The resolution is a custom backward pass. The forward emits the load balance imbalance
as a scalar loss. The backward, instead of differentiating that scalar with respect to
its inputs, writes a bias-correction gradient directly to expert_bias. This gradient is
then consumed by the main AdamW optimizer in the normal way, achieving DeepSeek-style
correction without a standalone SGD update step.
Paper ref: Appendix A.Implementation Concerns.
"""
import torch
class LoadBalanceLoss(torch.autograd.Function):
"""Custom autograd operator for DeepSeek-style auxiliary-loss-free load balancing.
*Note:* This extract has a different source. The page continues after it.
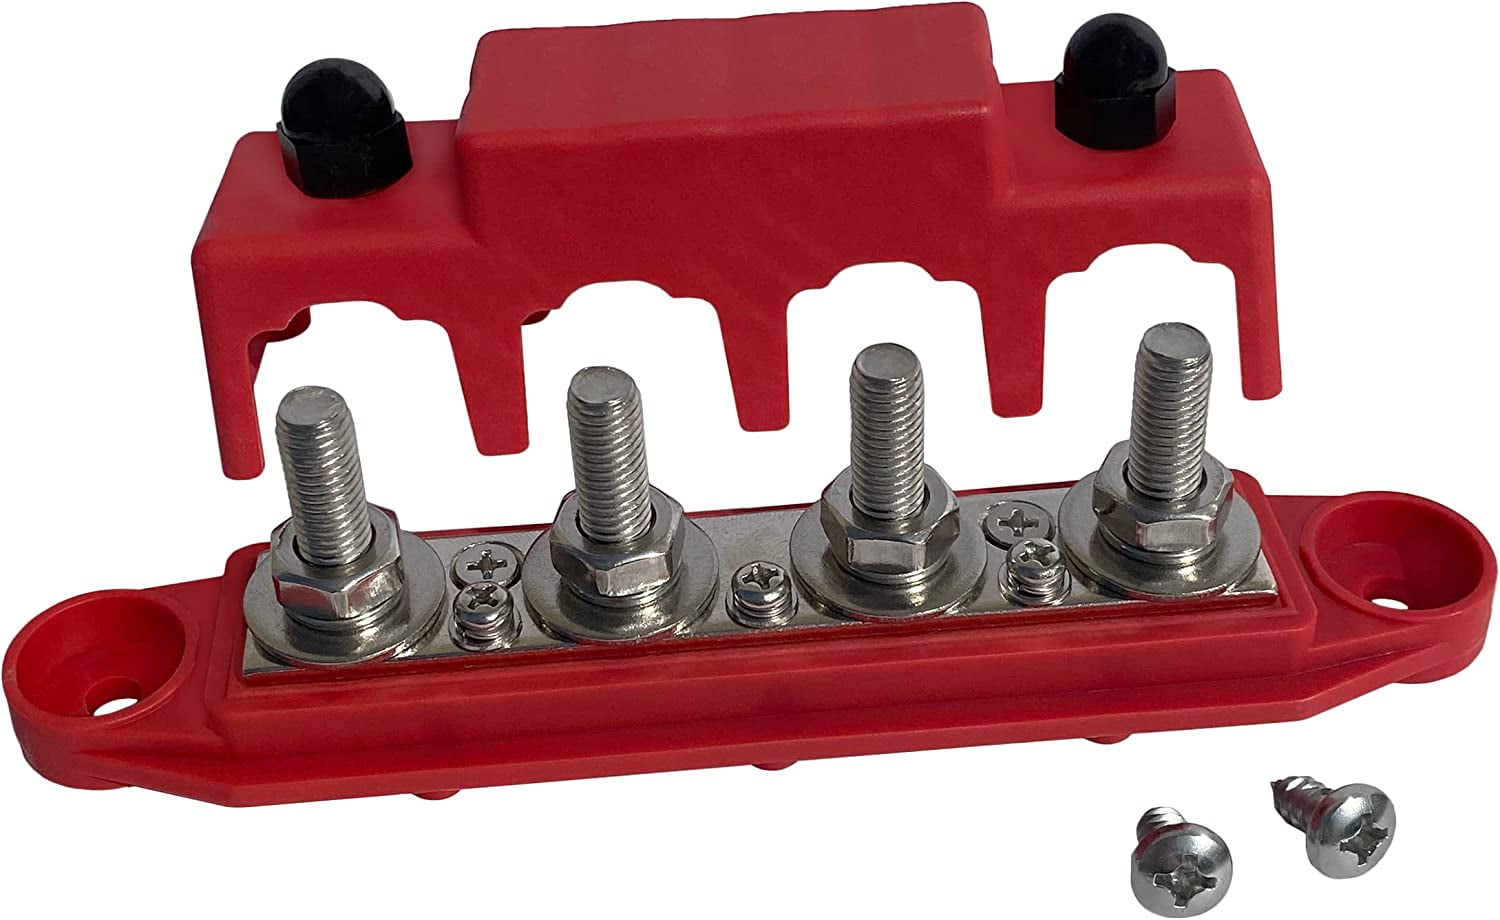 Red 4 Post Busbar Bus Bar Power Distribution Block with Cover M8 Terminal  Studs

Forward computes the load balance imbalance:
L_load_balance = H(b, f) = sum_l | f_l - 1/L |
Backward emits a bias-correction gradient to expert_bias:
grad_b = L_grad * sign(f_l - 1/L)
expert_bias (b) is included as a forward input so PyTorch registers it as a node
in the computation graph and routes gradients through it. routing_freqs (f) receives
no gradient — its origin is the discrete TopK operation which has no gradient, so
defining a gradient for f here would be mathematically incorrect.
Paper ref: Appendix A.Implementation Concerns.
"""
@staticmethod
def forward(
ctx: torch.autograd.function.FunctionCtx,
expert_bias: torch.Tensor,
routing_freqs: torch.Tensor,
) -> torch.Tensor:
"""Compute the load balance loss.
Args:
ctx: Autograd context for saving state needed in backward.
expert_bias: Learned per-head bias b, shape (L,). Included as an input so
PyTorch tracks it as a computation graph node needing a gradient.
routing_freqs: Realized routing frequency f_l per head, shape (L,). Computed
from the discrete TopK selection — not differentiable.
Returns:
Scalar loss equal to sum_l |f_l - 1/L|.
"""
L = expert_bias.shape[0]
# imbalance = f_l - 1/L for each head: positive means overloaded, negative means
# underloaded. Saved for backward where sign(imbalance) determines the direction
# of the bias-correction update.
imbalance = routing_freqs - 1.0 / L
ctx.save_for_backward(imbalance)
return imbalance.abs().sum()
@staticmethod
def backward(
ctx: torch.autograd.function.FunctionCtx,
grad_output: torch.Tensor,
) -> tuple[torch.Tensor, None]:
"""Emit the DeepSeek-style bias-correction gradient.
Args:
ctx: Autograd context carrying imbalance saved in forward.
grad_output: Incoming gradient L_grad (scalar). Any rescaling of the loss
by the training loop arrives here and is propagated to grad_b, so the
correction magnitude is proportional to the loss weight chosen by the
consumer.
Returns:
Gradient for expert_bias: L_grad * sign(f_l - 1/L), shape (L,).
None for routing_freqs: no gradient is defined for the discrete routing
frequency.
"""
(imbalance,) = ctx.saved_tensors
grad_expert_bias = grad_output * imbalance.sign()
return grad_expert_bias, None